Multilingual Dataset Integration Strategies for Robust Audio Deepfake Detection: A SAFE Challenge System

The SAFE Challenge evaluates synthetic speech detection across three tasks: unmodified audio, processed audio with compression artifacts, and laundered audio designed to evade detection. We systematically explore self-supervised learning (SSL) front-ends, training data compositions, and audio length configurations for robust deepfake detection.
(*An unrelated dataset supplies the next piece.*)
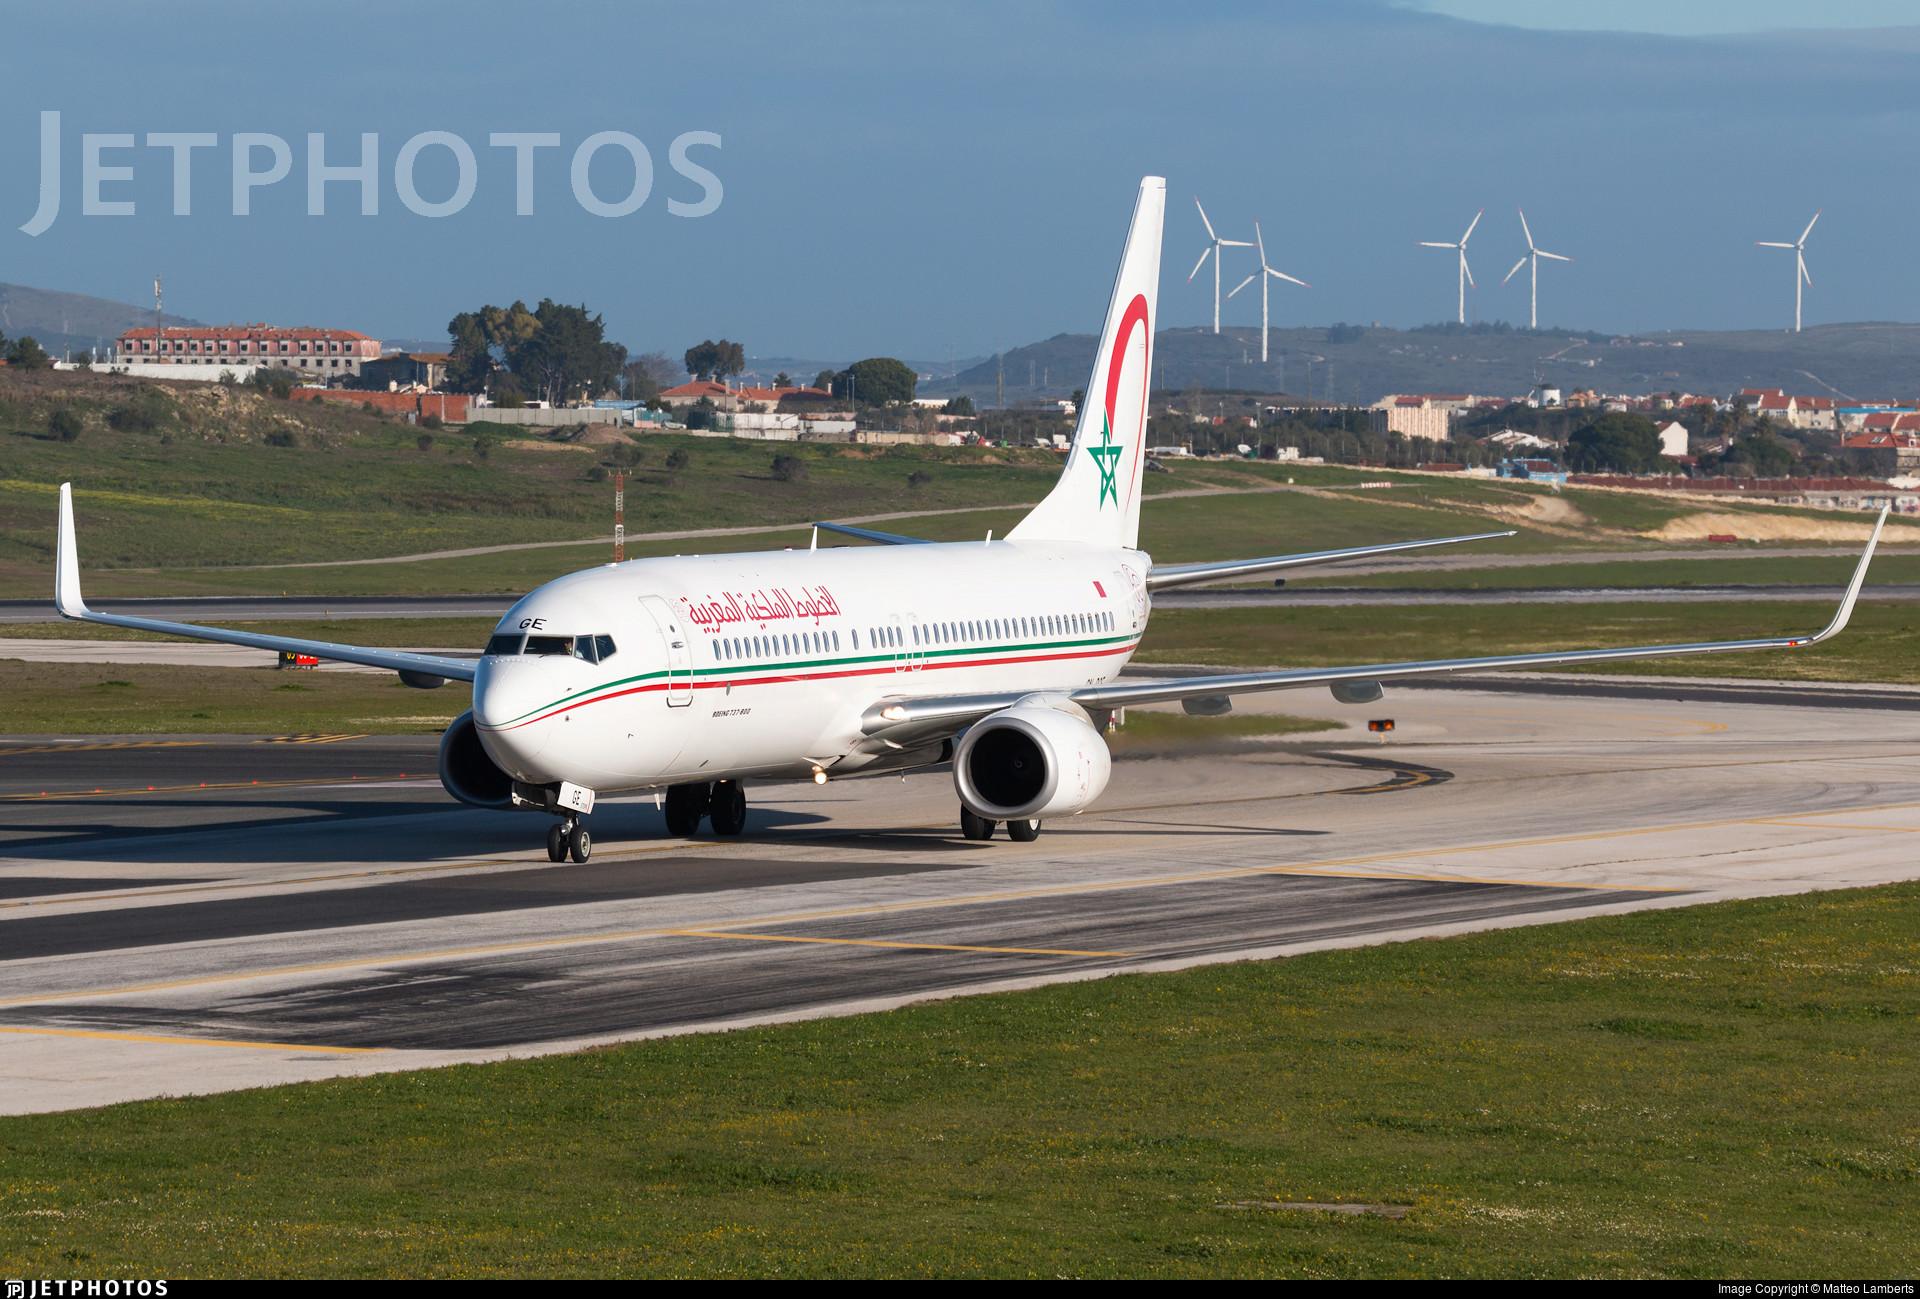 Royal Air Maroc - Page 21 48d43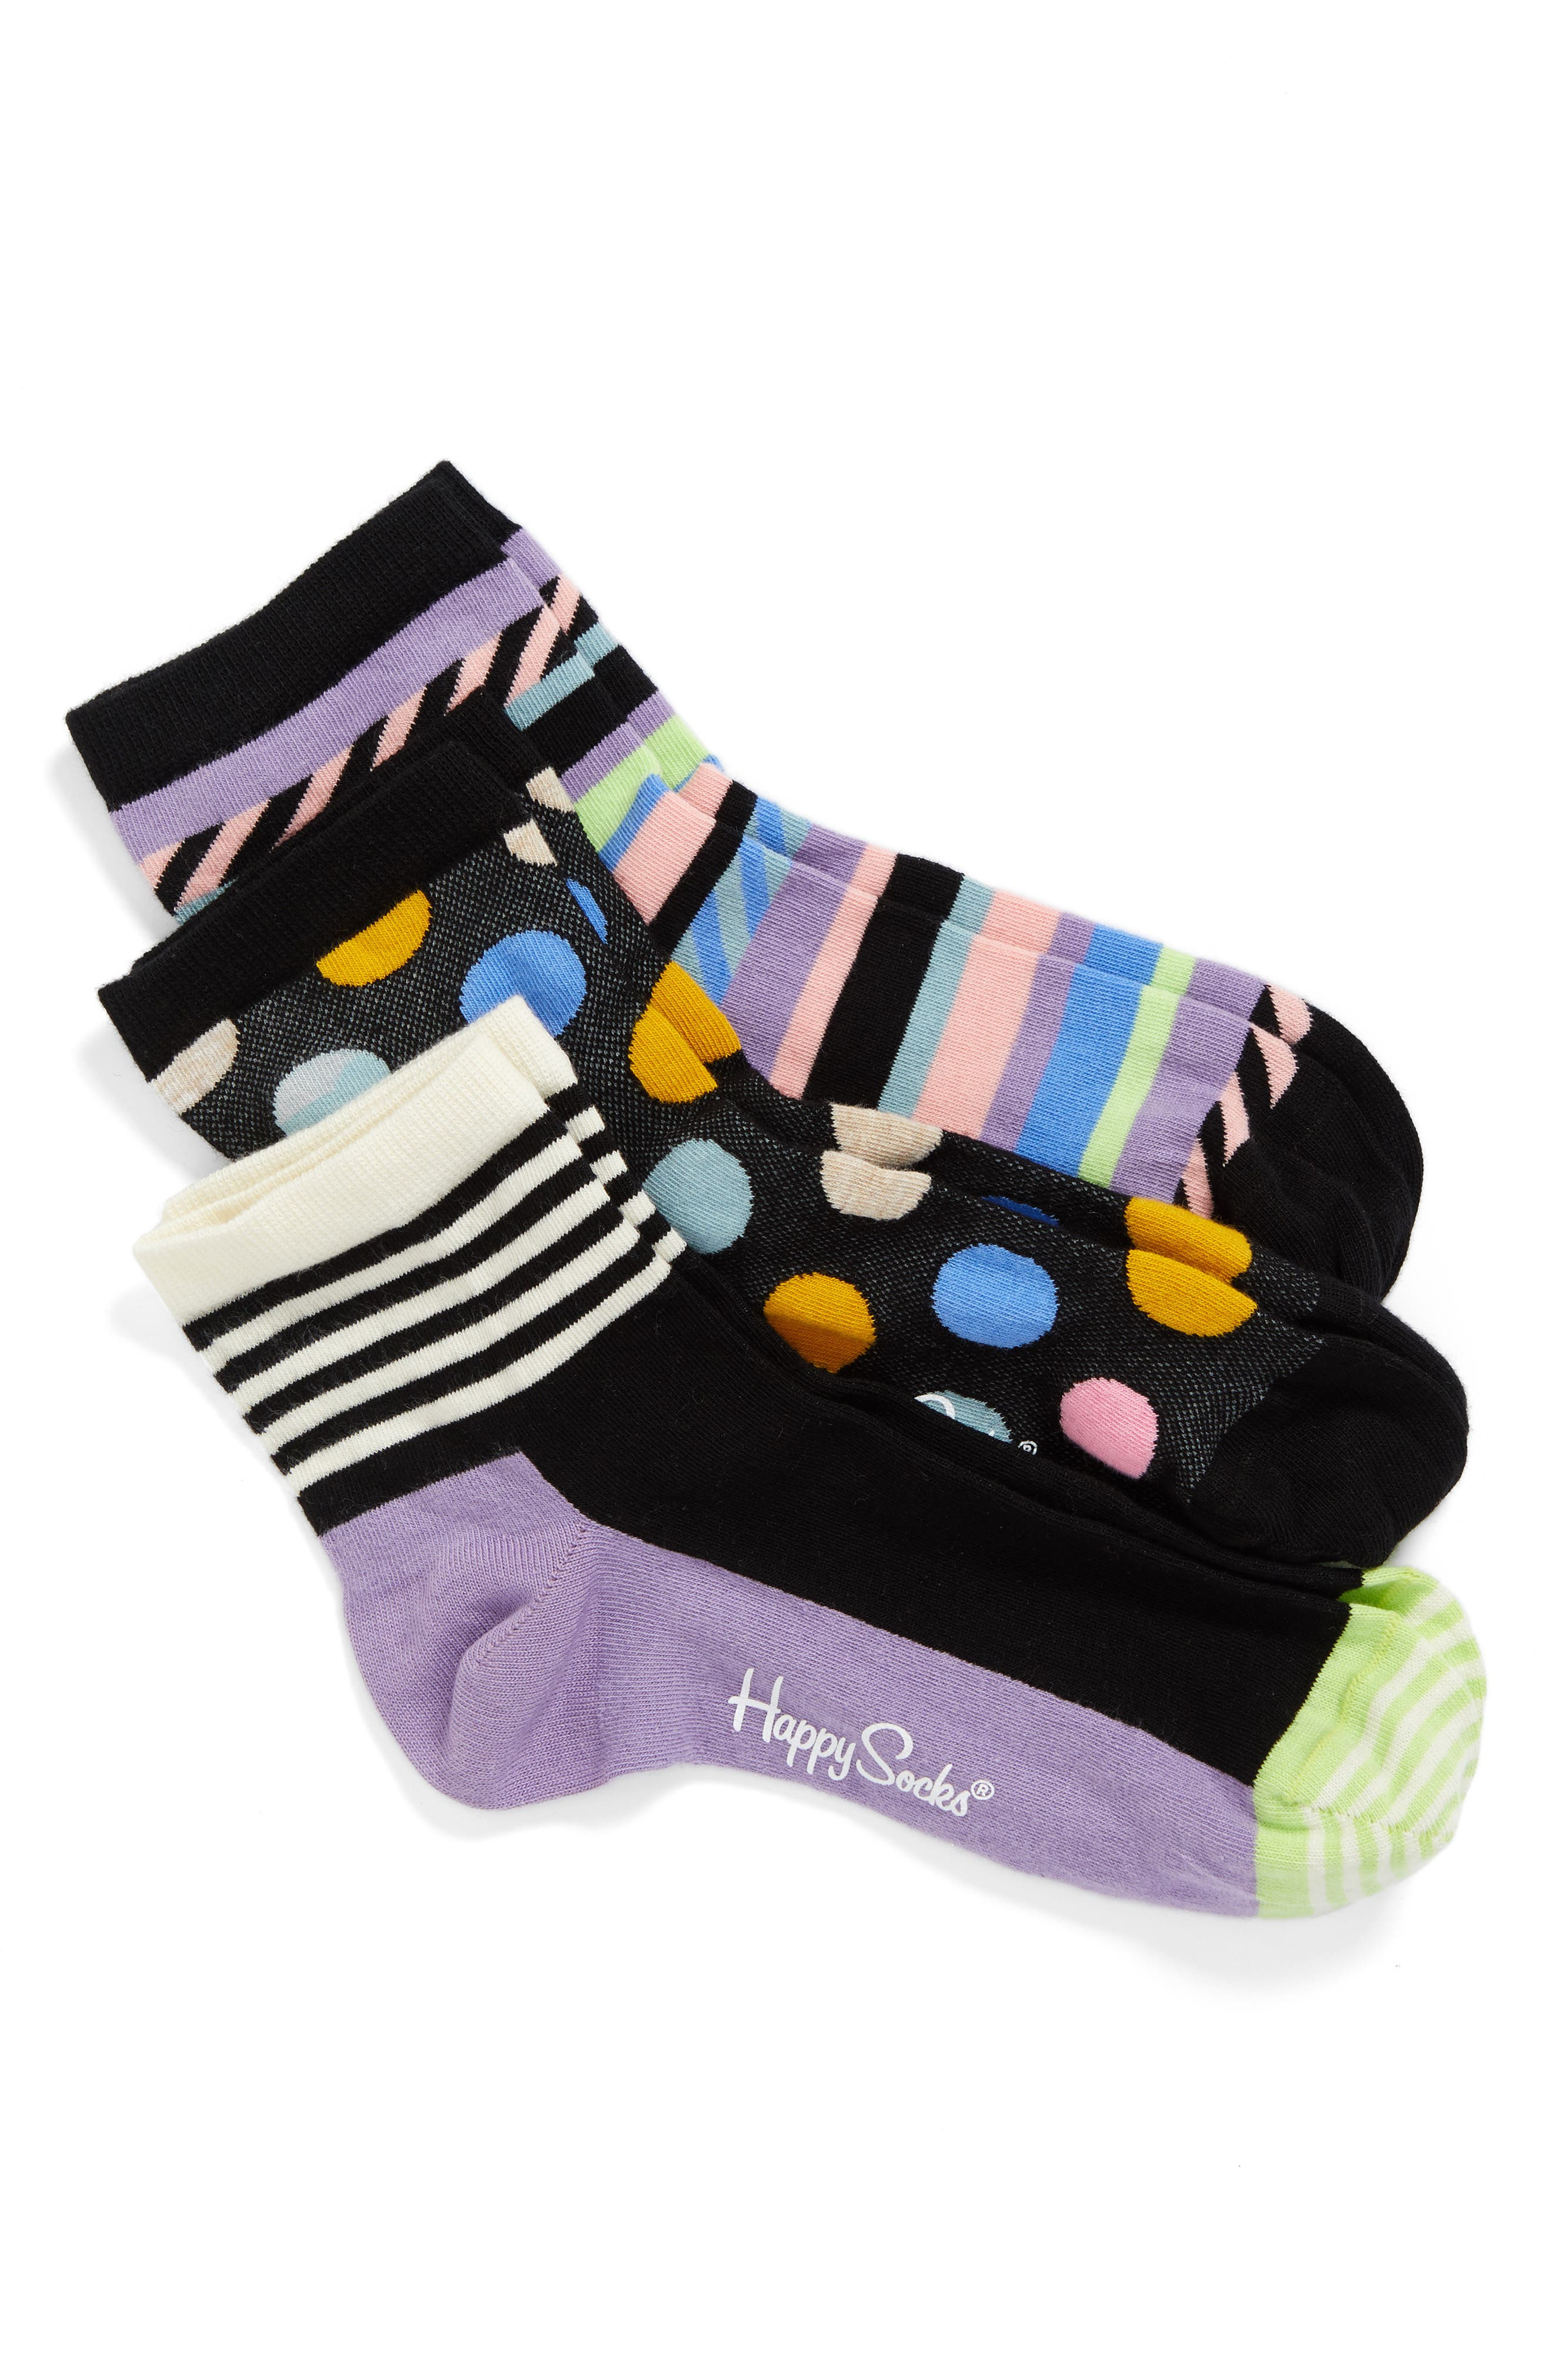 Happy Socks Assorted 3-Pack Ankle Socks

Our AASIST-based approach incorporates WavLM large frontend with RawBoost augmentation, trained on a multilingual dataset of 256,600 samples spanning 9 languages and over 70 TTS systems from CodecFake, MLAAD v5, SpoofCeleb, Famous Figures, and MAILABS. Through extensive experimentation with different SSL front-ends, three training data versions, and two audio lengths, we achieved second place in both Task 1 (unmodified audio detection) and Task 3 (laundered audio detection), demonstrating strong generalization and robustness.

Key Contributions

Systematic empirical evaluation of multilingual dataset integration strategies (CodecFake, MLAAD v5, SpoofCeleb, Famous Figures, MAILABS) for training robust audio deepfake detectors
Comparison of SSL front-ends (WavLM Large and others), audio length configurations, and training data compositions across three SAFE Challenge tasks
Source-level vulnerability analysis revealing failure patterns for specific TTS systems and laundering techniques

🛡️ Threat Analysis

Output Integrity Attack

Directly addresses detection of AI-generated synthetic audio (audio deepfakes), including laundered audio designed to evade detection — core output integrity and content authenticity problem under ML09.